Gilles Delion, who quit at the end of last season, was once informed by a French team director ``that you couldn't be among the world's best 50 riders if you didn't take EPO, and it's been that way for quite a while'', according to an article in Thursday's French sports daily L'Equipe.

Performance-enhancing EPO (erythropoietin) is a substance that stimulates the production of red blood cells which transport oxygen around the body.

All French teams are now involved in doping, Delion was reported as saying.

Delion was regarded as a very promising rider who never quite made it despite winning the Tour of Lombardy in 1990 and a stage of the 1992 Tour de France.

Delion said he saw riders looking for ice cubes in hotels to keep the vials containing EPO cool.

``I also saw a rider take EPO,'' he said. ``I wasn't shocked because I knew such things happened but usually, the riders would lock themselves up in the bathroom.''

Another rider, Nicolas Aubier, who retired at the end of last season aged 25, because he felt the sport had been debased by doping, said he was forced to use prohibited substances.
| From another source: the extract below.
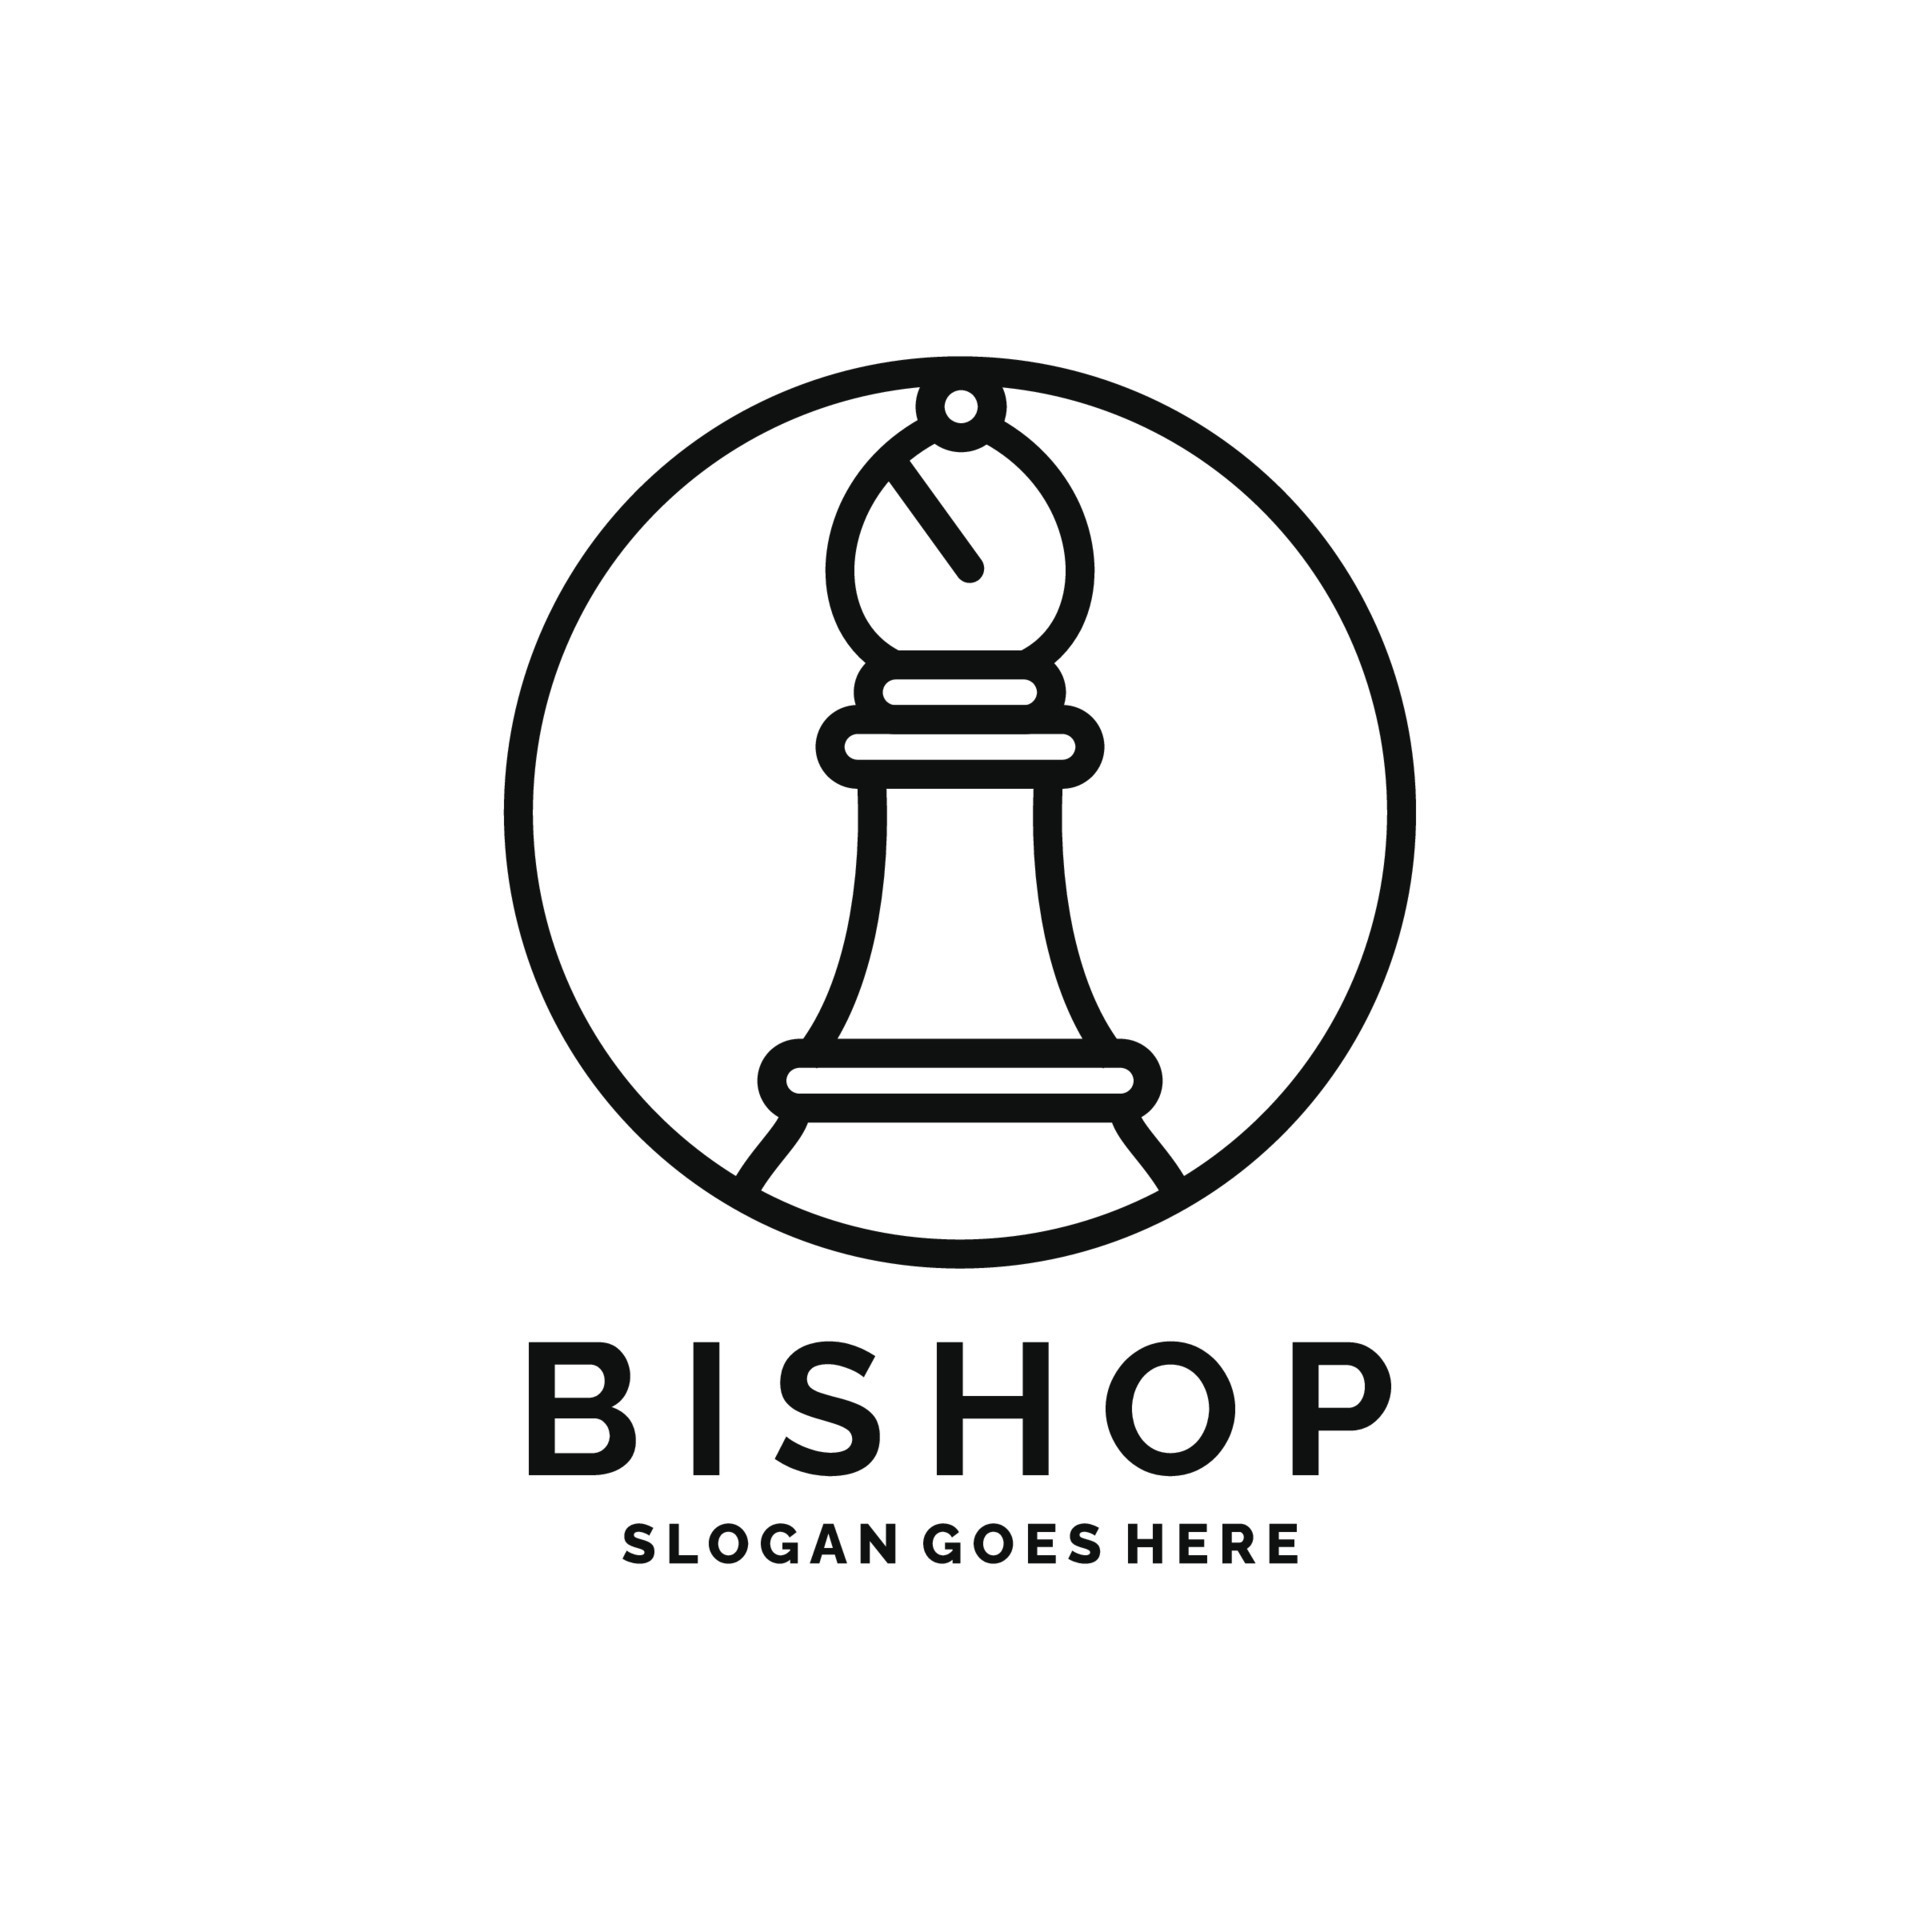 xadrez e bispo peça logotipo ilustração vetorial vintage modelo ícone  design gráfico. sinal retrô ou símbolo para torneio ou clube de xadrez  5415290 Vetor no Vecteezy

``Frankly, I can't imagine a rider belonging to the top 100 and not taking EPO, growth hormones or another product,'' he told L'Equipe.

Aubier said riders taking EPO needed injections every two days.
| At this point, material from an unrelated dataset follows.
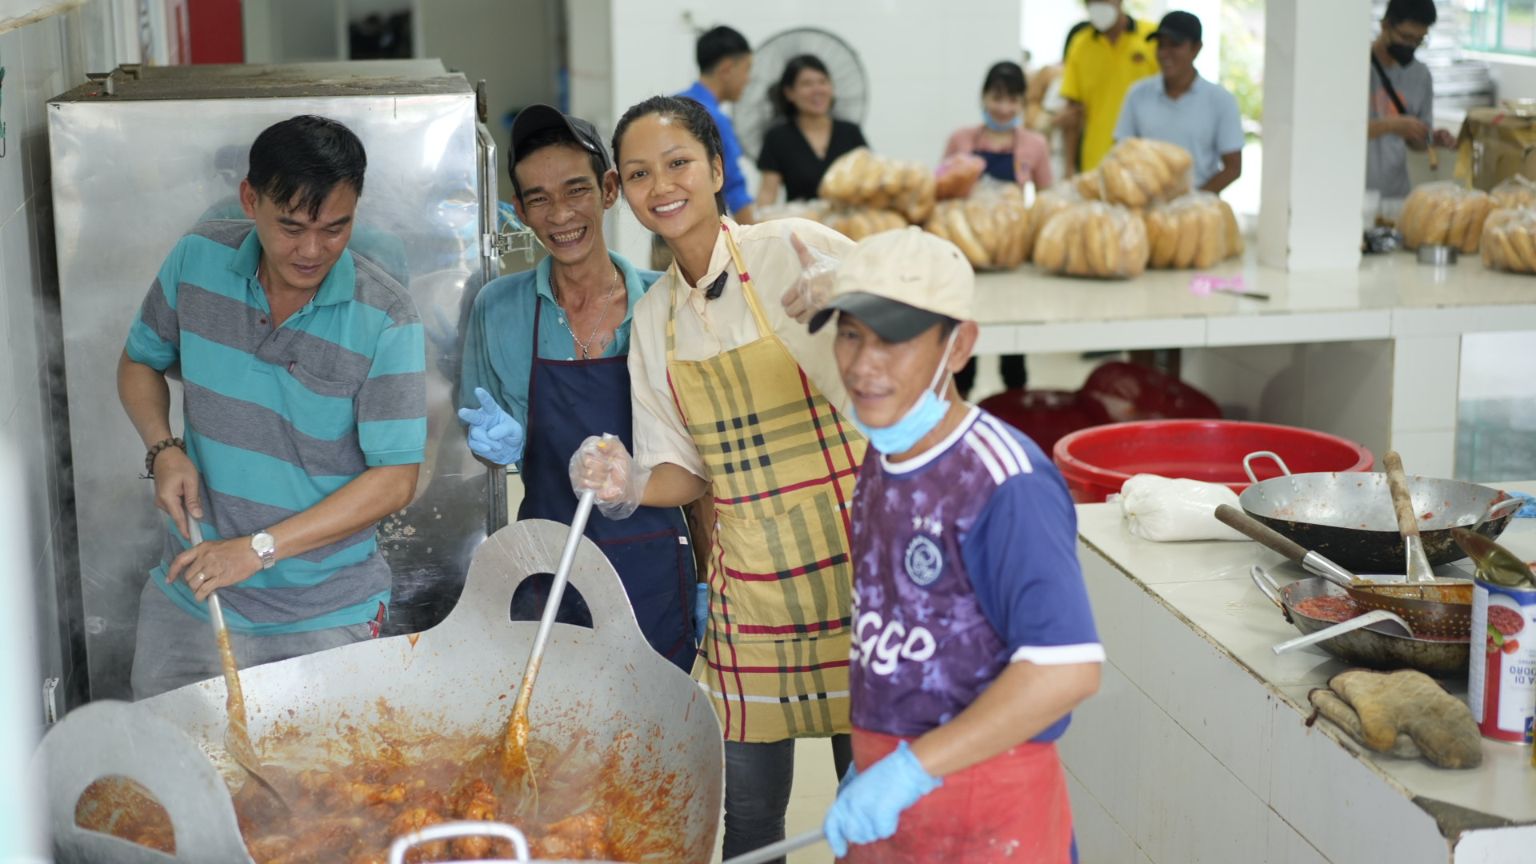 Hoa hậu HHen Niê vào bếp cùng các tình nguyện viên H’Hen Niê, Bảo Ngọc tặng quà, nấu ăn cho bệnh nhân HIV/AIDS

``By listening to conversations in hotel corridors, you can figure out who's taking some,'' he said. ``The problem is that the use of doping products has become so general that anybody not taking anything is regarded as abnormal,'' he added.

L'Equipe's Doping Articles

The following draws heavily on the first of four reports on drug use in cycle racing that appeared in l'Equipe of January 14.

Three months that changed everything

October 25: Flavio Alessandri, former doctor to the Italian national team reveals to a journalist that he had collaborated in an inquiry into doping in cycling being conducted by Sandro Donati, a member of the Italian Olympic Committee (CONI). According to Alessandri the file prepared by Donati was presented to the president of CONI, Mario Pescante, as early as February 9, 1994. CONI denies this happened.=20

October 26: The vice-president of the Council [of CONI?], Walter Veltroni, is questioned by the Italian Assembly and promises to look into the disappearance of the Donati file.

October 28 and 29: Pescante says he has found the Donati file but pronounces its findings as "too generalized". However a judge is given the task of investigating the charges brought by Donati -- that there has been black-market trafficking of erythropoietin (EPO).

October 30: The first findings of the Donati report are made public -- they centre on EPO use, but the identity of most of the riders involved is kept secret.

November 8: On the eve of the presentation of the 1997 Giro a delegation ofItalian riders led by Gianni Bugno and Maurizio Fondriest calls for blood controls for all riders.

November 19: Giacomo Costa, a doctor and the president of CONI for the province of Trento says that a world-class woman skier has died because of EPO use. (It turns out to have been Manuela Di Centa, who won five gold medals at Lillehammer).

November 25: An anti-doping commission of CONI interviews Donati for the first time who amplifies on his allegations, in particular against Professor Francesco Conconi.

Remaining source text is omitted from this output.